Вчерашний вечер я провел с армянскими писателями Бейрута, они жаждут читателя и свой писательский труд считают утонченной формой самоубийства, специально придуманной для зарубежной армянской интеллигенции. Вчера вечером завязалась беседа также и об эмиграции, о семьях, по капле вытекающих из Армении в Бейрут, Марсель, Монреаль. «Запретите, — сказал писатель, не раз с сочувствием писавший об утраченных «свободах» Армении, — запретите, мы вас просим». — «Зачем? — спросил я вчера вечером. — Что, понадобились факты для обоснования очередной статьи? Зачем запрещать? Кому все одно, родина или бейрутский рынок, — пожалуйста! Кто следующий?»

Ты должна вернуться на родину, молодая поэтесса с голубыми глазами.

Через два дня на последнем вечере в Бейруте я выпью очень горькую чашу. Мы с одним прекрасным бейрутским поэтом-армянином будем сидеть в тесном, утопающем в дыму кабаре. Отличный пианист, венгр, будет одну за другой упоенно играть восточные мелодии, а потом вдруг и несколько армянских песен.

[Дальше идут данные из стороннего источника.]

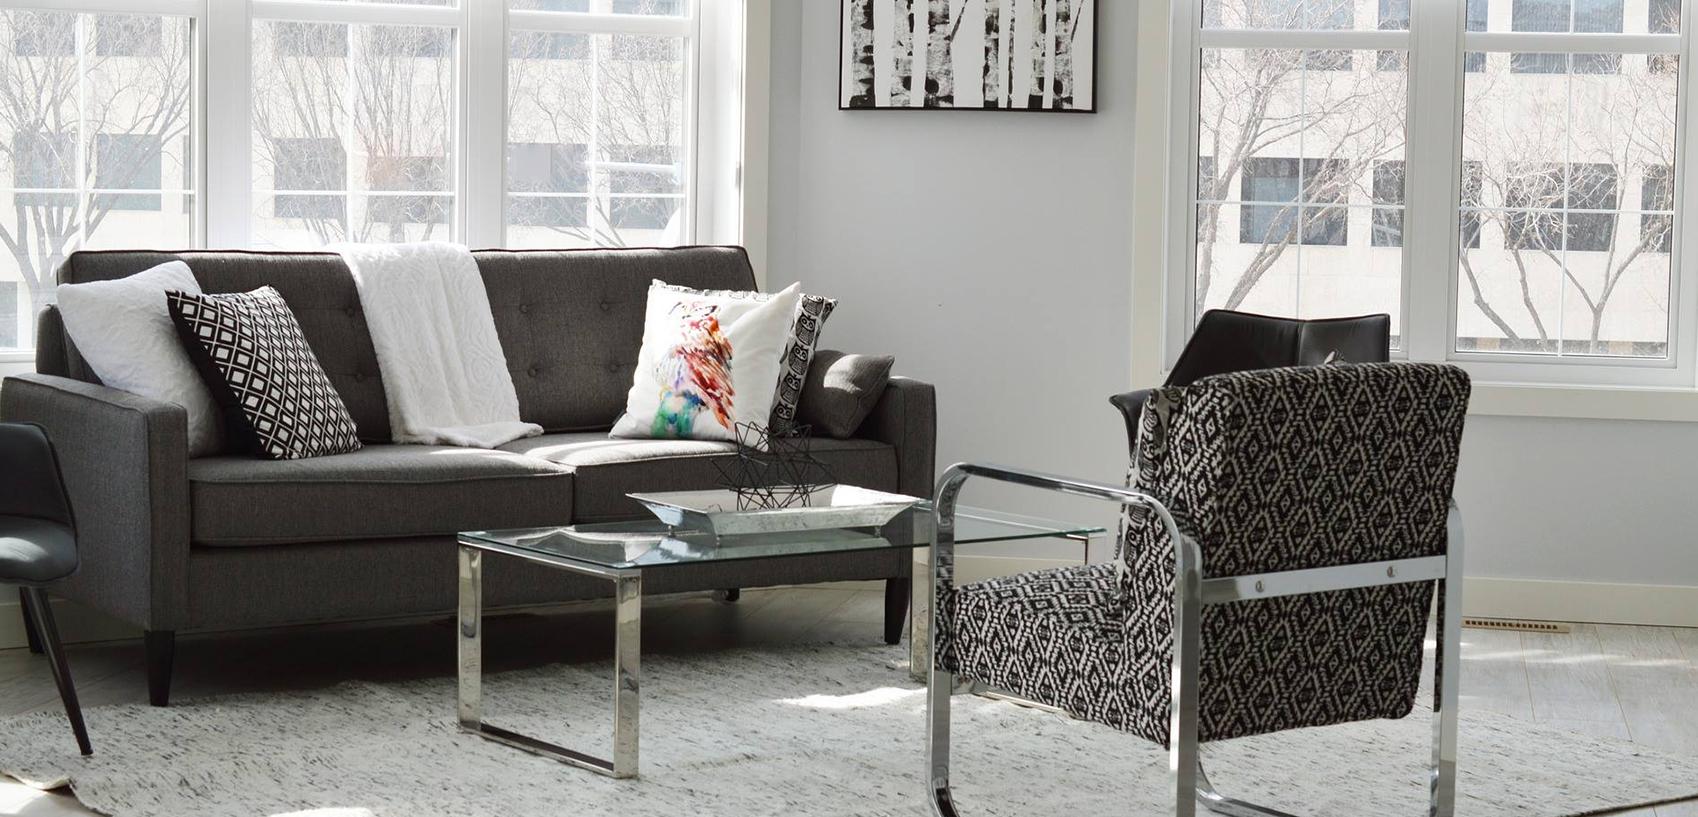 Le qualità di un'agenzia immobiliare che utilizza l' Home Staging

От неожиданного волнения глаза мои наполнятся слезами, венгерский пианист поднимет бокал и провозгласит: «Выпьем за Советскую Армению». Он и понятия не имеет о моем присутствии, я захочу подняться и подойти к нему с теплыми словами благодарности, но тут сидящая у бара черноглазая девушка истерично выкрикнет: «Фри Армения!», то есть «За свободную Армению», а толстый молодой человек рядом с ней, тоже армянин, будет вторить ей, и я… поднимусь, но только затем, чтобы уйти из кабаре. Я ничего не скажу худощавой девушке и шарообразному парню, просто посмотрю долгим взглядом в ее темные глаза и впервые не захочу в чужом краю перекинуться словом с соотечественницей.